Interesting article about it:

Archive: https://archive.ph/4EURk

https://www.forbes.com/sites/startswithabang/2018/09/22/ask-ethan-why-arent-rays-of-sunshine-parallel/

You might suspect that clouds are like prisms or lenses, diverging or refracting the light beams and causing them to spread out. But that's not actually the case; the clouds themselves absorb and re-emit the light pretty evenly in all directions, which is why they're not transparent.

Then goes on to say

It's only where the clouds don't absorb most-or-all of the light that you get the sunbeam effect. As it turns out, these rays actually are, to the best we can measure, truly parallel lines, consistent with the Sun being extremely far away. If you found some rays of sunlight that were directed neither towards you nor away from you, but perpendicular to your line-of-sight, you'd observe completely parallel sunbeams. ... ... ... The reason you have a beam at all is because of the perspective of the surrounding shadows, and our eyes' ability to pick out the relative brightness of direct sunlight against a surrounding backdrop of relative darkness. The reason the rays appear to have a diverging shape is because of perspective, and the fact that these truly parallel rays of light are land closer to us than their point-of-origin, way back at the bottoms of the clouds. The Sun's rays really are parallel, but unless they're coming in perpendicular to you, they won't appear to be so. That's simply what it looks like when you view parallel lines as they recede away from you.

So the part I mentioned about "what's shadowed or blinded" hitting your eye is a main part of it combined with perspective.

[–]CreditKnifeMan 1 insightful - 1 fun1 insightful - 0 fun2 insightful - 1 fun -  (2 children)

That doesn't explain the demonstrably differing angles of the solar rays; converging on the sun, which is not at or near the horizon.
These rays aren't shadowed.

Also the "paint of origin" isn't a point. It's a giant ball of radiating light in the sky.

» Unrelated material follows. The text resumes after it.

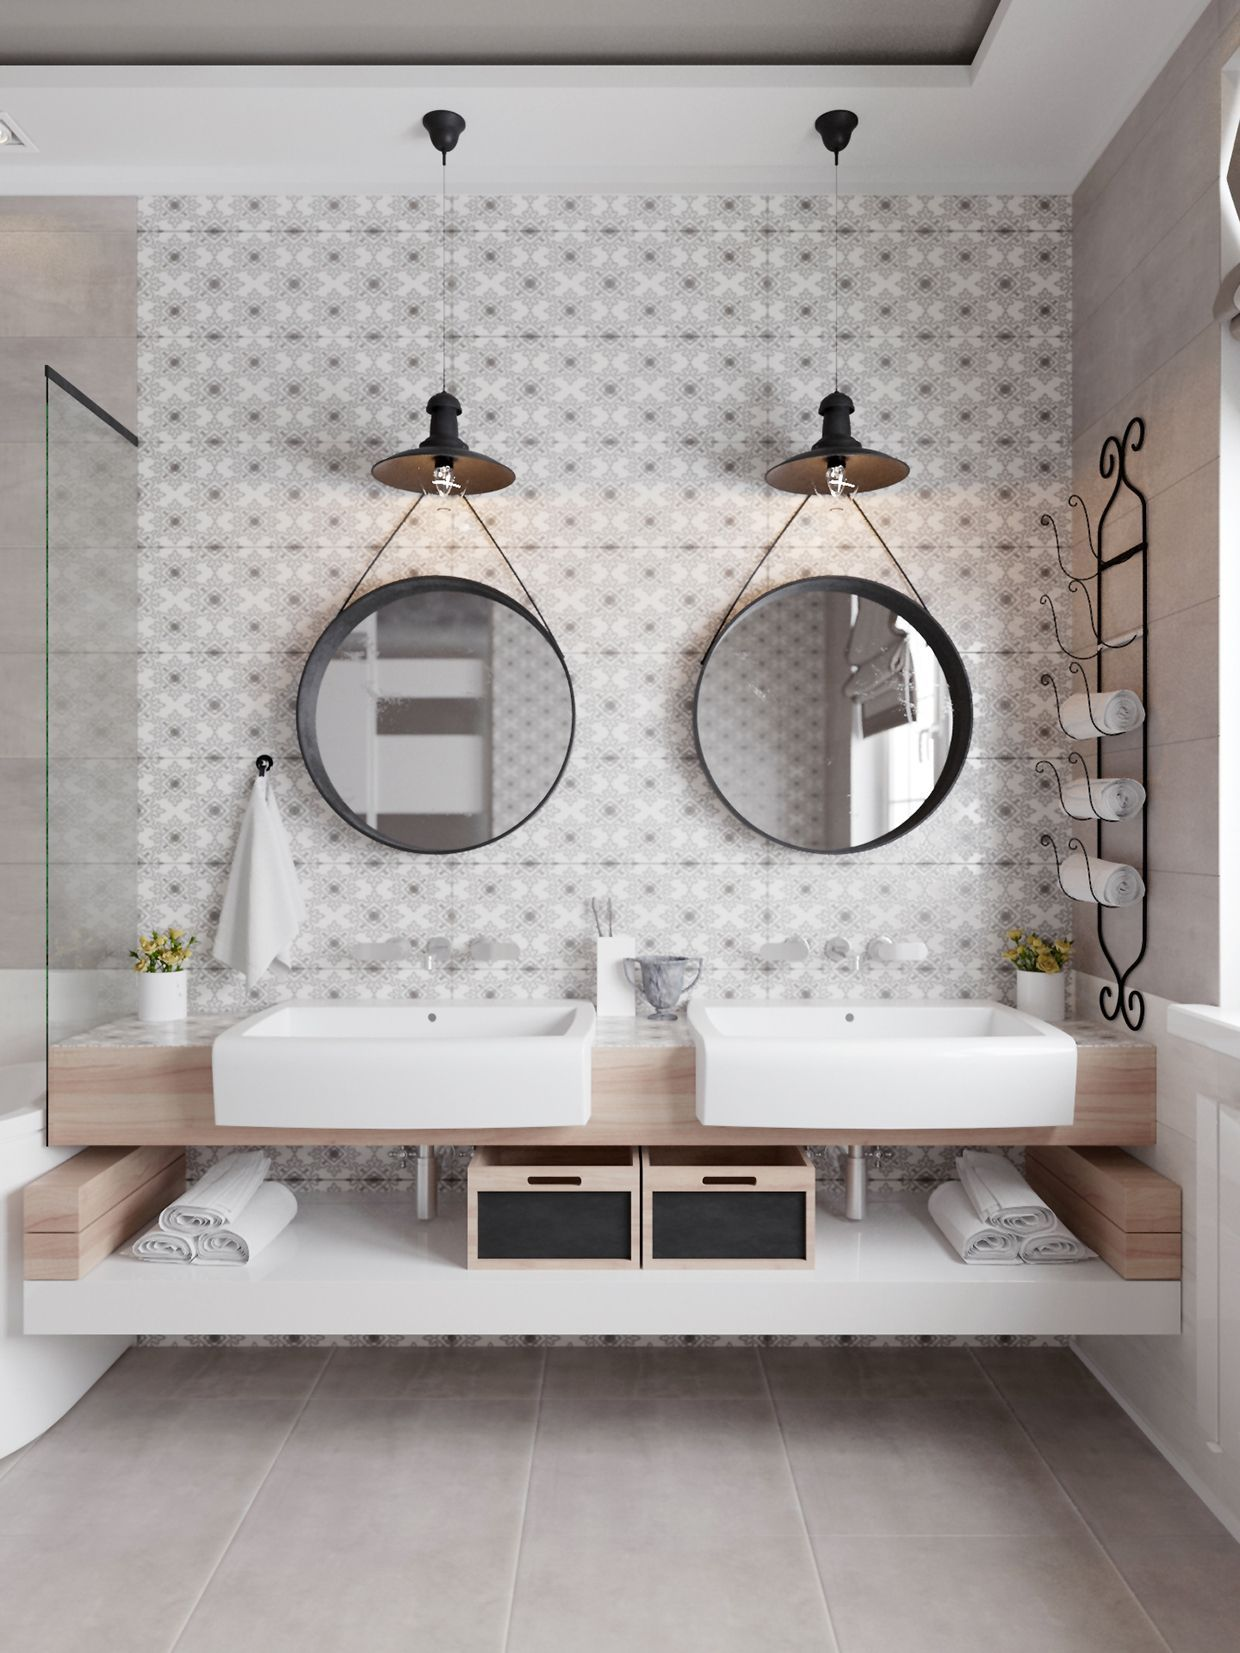 Картинки по запросу scandinavian style home bathroom | Design home ...

There should be 0.00 degrees of angle between rays from a source that is 90 million miles away.

Why aren't there more scientific articles dedicated to this?

It doesn't make sense.

[–]JasonCarswellPlatinum Foil Fedora 2 insightful - 2 fun2 insightful - 1 fun3 insightful - 2 fun -  (1 child)

Perspective.

[–]Yin 2 insightful - 2 fun2 insightful - 1 fun3 insightful - 2 fun -  (0 children)

^

Anything seemingly "parallel" will appear very different (not parallel) if you're viewing it at position of one of the ends, then add in much of it being shadowed/blocked. The difference the side image shows (in the article) is a good example of the other perspective that makes it look logical. The small portion of light emanating from the sun that hits the tiny speck that is Earth wouldn't exactly be parallel (light would be both converging and diverging at the points it's hitting Earth, I assume), although it's close enough considering the vast distance.